The Mysteries of Pittsburgh – Michael Chabon
Chabon has talent: he uses the language inventively while keeping up a nice narrative flow. But this is a novel written by a twenty-two year old, and it shows. In the first sentence it’s announced that the main character’s father is a gangster. Nobody is your run-of-the-mill human being; everybody Art gets involved with is extravagant; they do outrageous things and their talk is cutting edge smart. If you’re between the ages of fourteen and twenty-four, you may find it enjoyable; but to me it was pretty silly, and I quit reading at the halfway point. At any rate, what Harper Perennial chose to include at the end of the book is worth noting. Under a dreamboat photo of the author is an introduction given by Ben Marcus to an audience at Columbia University in 2009 (Mysteries came out in 1988). Marcus is radiant in his praise; he claims that you have “to read novels like Chabon’s to experience the fullness, the complexity of life.” Then Chabon takes the stage; the text of his talk is engaging; he again shows how good he is with words. But he portrays the genesis of Mysteries with the same extravagance that marred the novel. He was preparing to enter the MFA program at the University of California at Irvine where everybody, it seemed to him, was writing a novel; so he felt it was incumbent on him to also do so.
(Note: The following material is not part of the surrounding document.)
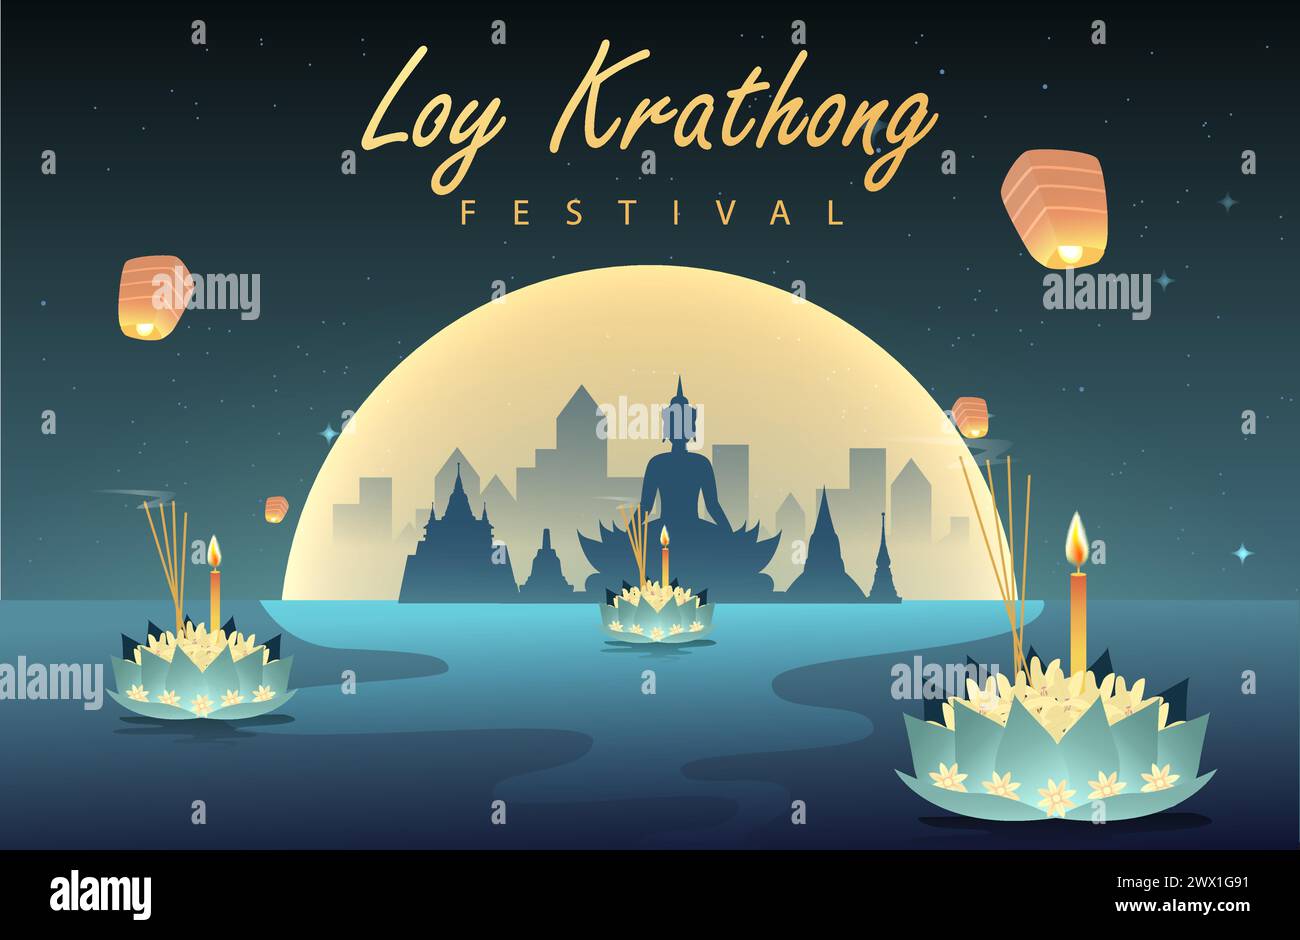 Loy krathong Festival Travel Thailand Poster Design illustration vectorielle de fond. Chao Phraya River Holy place en Thaïlande contexte. Illustration de Vecteur
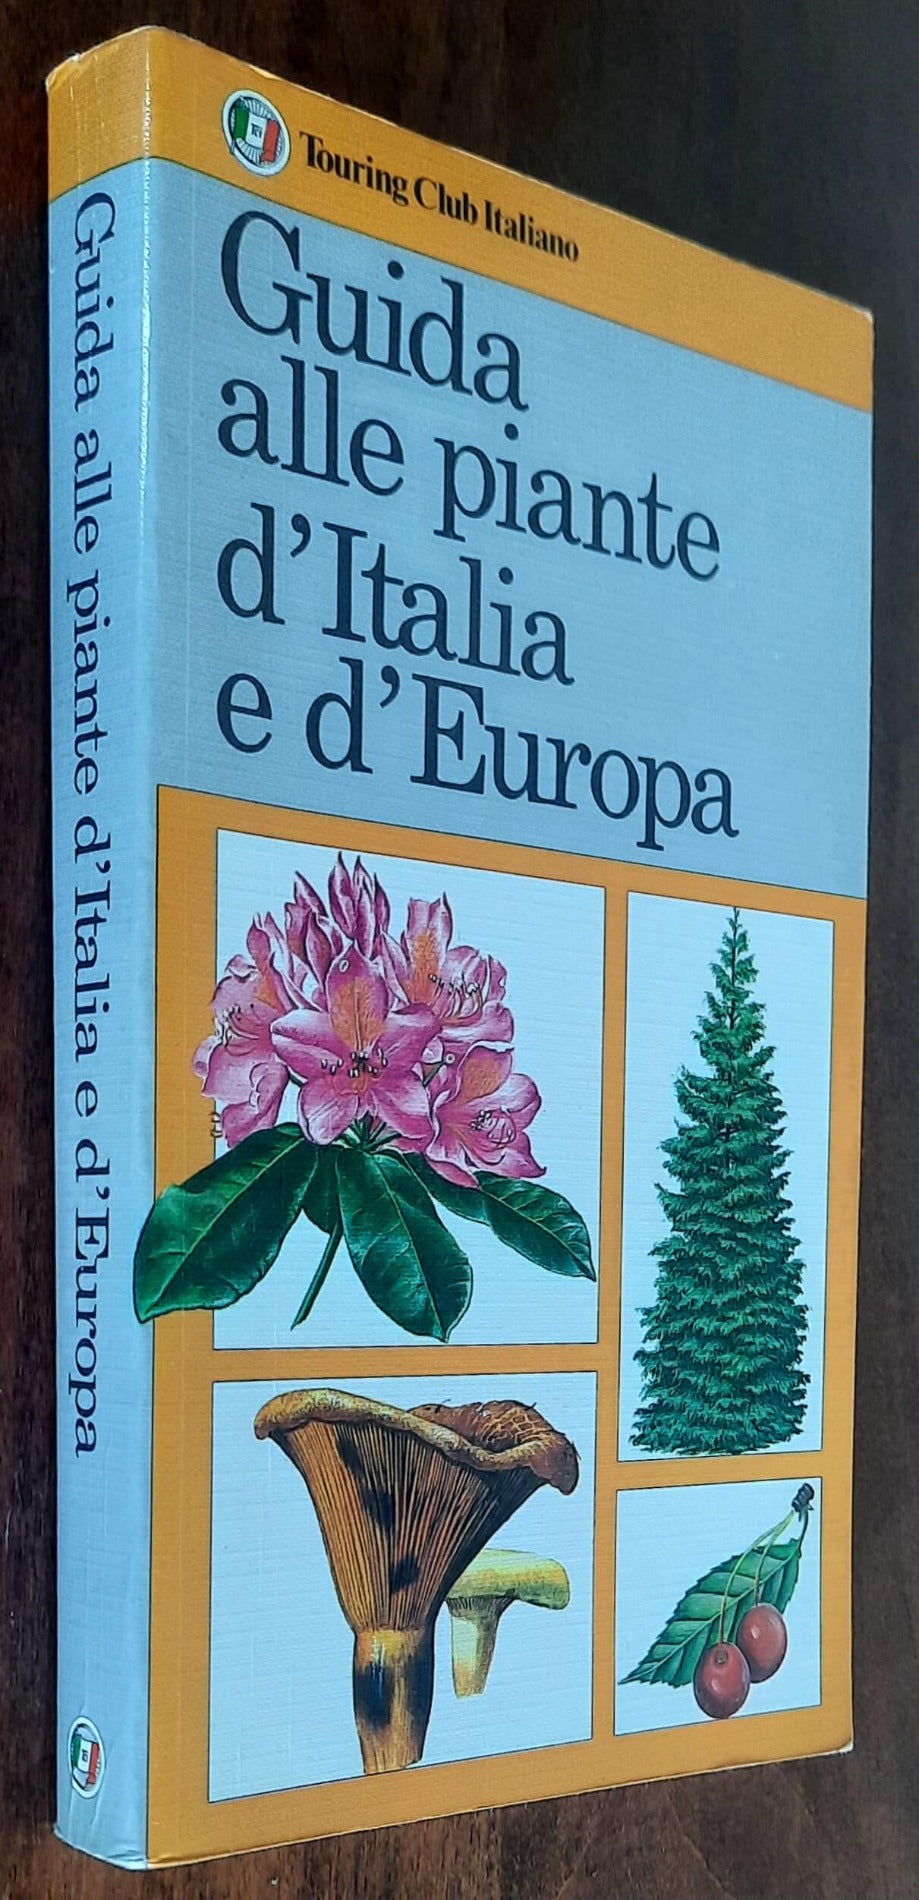 Guida alle piante d’Italia e d’Europa - Touring Club

But he fretted about the prospect: “What the hell was a novel, anyway, when you really came down to it? A really, really long short story?” Despite this faux naivety, and guided by the twin inspirations of Gatsby and Goodbye, Columbus, he embarked on writing about summer, as did those other “great American poets of summertime like Ray Bradbury and Bruce Springsteen.” Even the muse lends a hand. The creation of a novel is presented as a mythological act. This may go over well with an audience at Columbia, but from my perspective Chabon left out the nuts and bolts. Perhaps early and easy success leaves one starry-eyed about one’s art. Chabon’s debut effort is not a work of genius; not close. If you want to read what a real genius writes in his early twenties, read Thomas Mann’s Buddenbrooks.